Fast Online 3D Multi-Camera Multi-Object Tracking and Pose Estimation

arXiv cs.CV / 4/21/2026

📰 NewsDeveloper Stack & InfrastructureModels & Research

Key Points

  • The paper introduces a fast, online approach that jointly performs 3D multi-object tracking and pose estimation using multiple monocular cameras.
  • It only needs 2D bounding box and pose detections, avoiding the need for expensive 3D training data or computationally heavy deep learning models.
  • The method implements a Bayes-optimal multi-object tracking filter to improve computational efficiency while preserving accuracy.
  • Experiments show the proposed algorithm is significantly faster than state-of-the-art approaches without sacrificing accuracy, relying on publicly available pre-trained 2D detectors.
  • The system is demonstrated to remain robust even when multiple cameras disconnect and later reconnect intermittently during operation.

Abstract

This paper proposes a fast and online method for jointly performing 3D multi-object tracking and pose estimation using multiple monocular cameras.
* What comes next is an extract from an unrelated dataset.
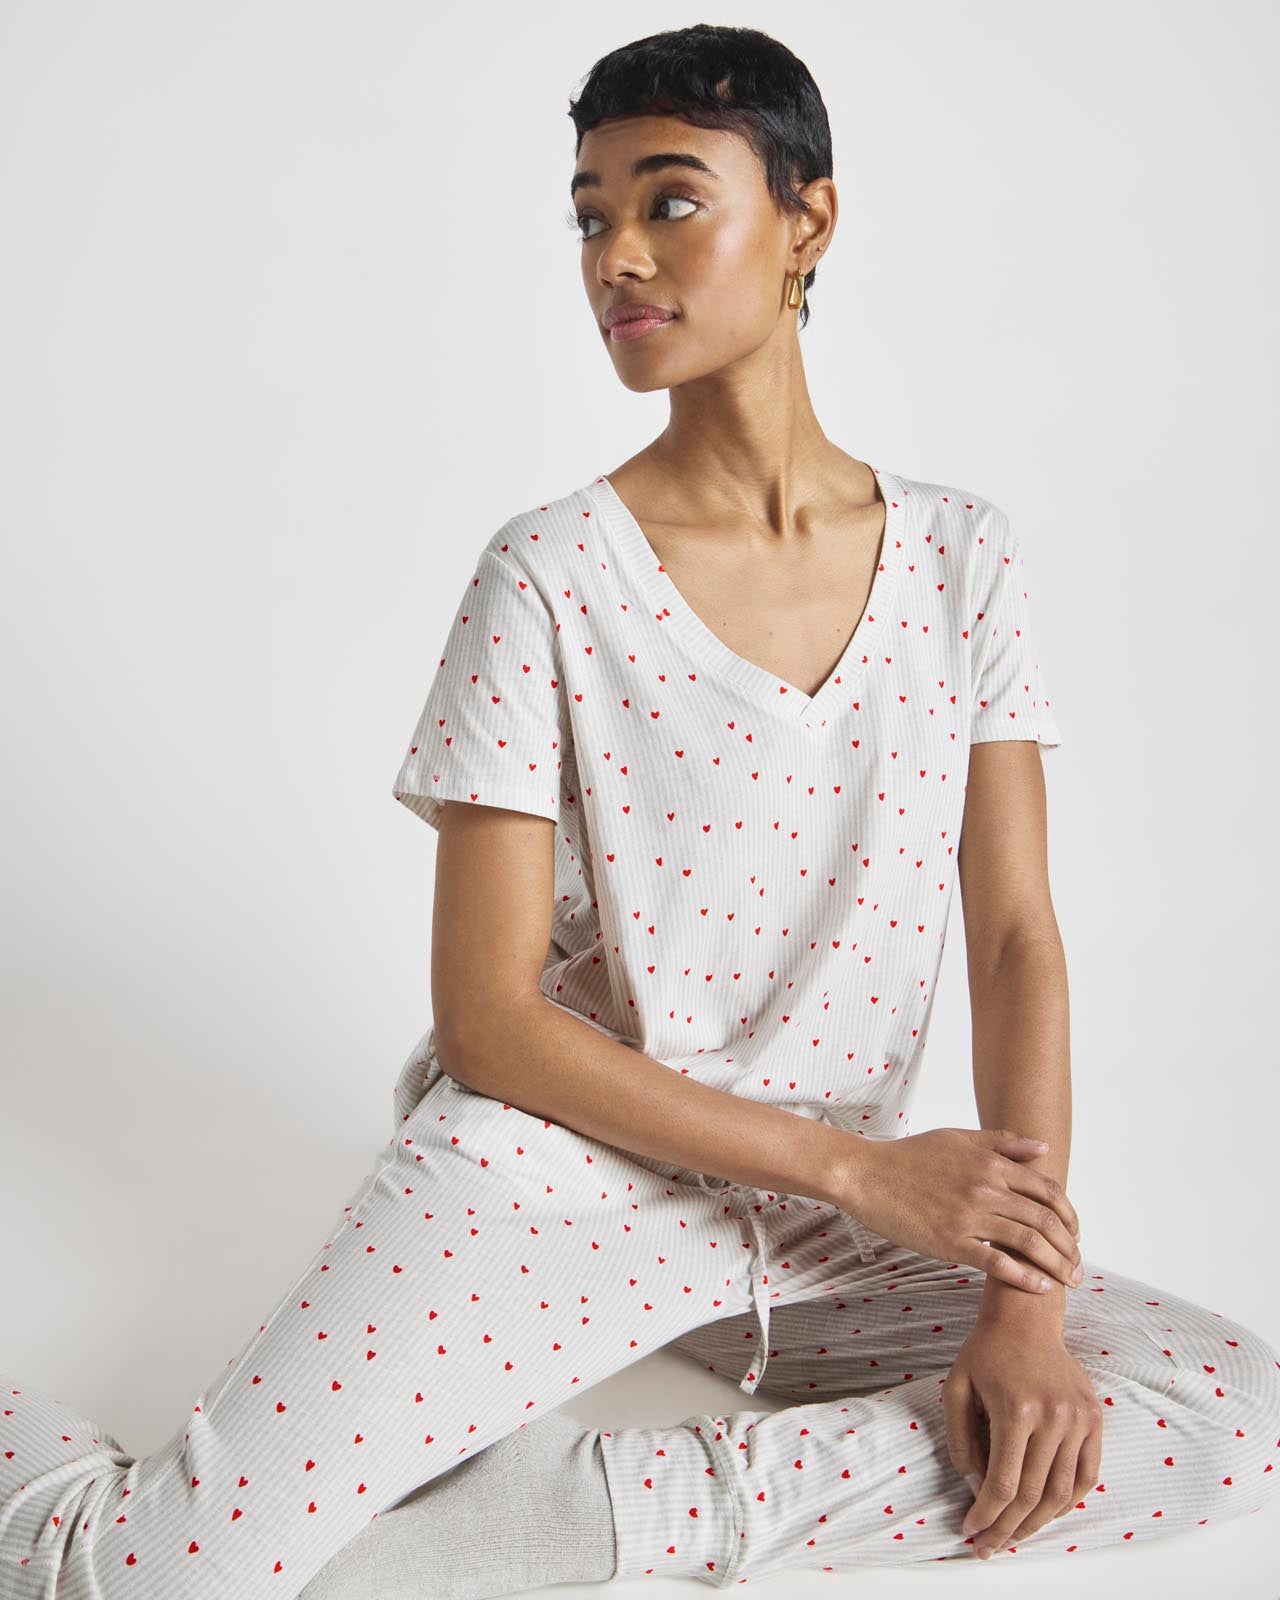 Women's Cotton Pajamas Set Soft Pjs Long Sleeve Button Down High-waist  Sleepwear

Our algorithm requires only 2D bounding box and pose detections, eliminating the need for costly 3D training data or computationally expensive deep learning models. Our solution is an efficient implementation of a Bayes-optimal multi-object tracking filter, enhancing computational efficiency while maintaining accuracy. We demonstrate that our algorithm is significantly faster than state-of-the-art methods without compromising accuracy, using only publicly available pre-trained 2D detection models. We also illustrate the robust performance of our algorithm in scenarios where multiple cameras are intermittently disconnected or reconnected during operation.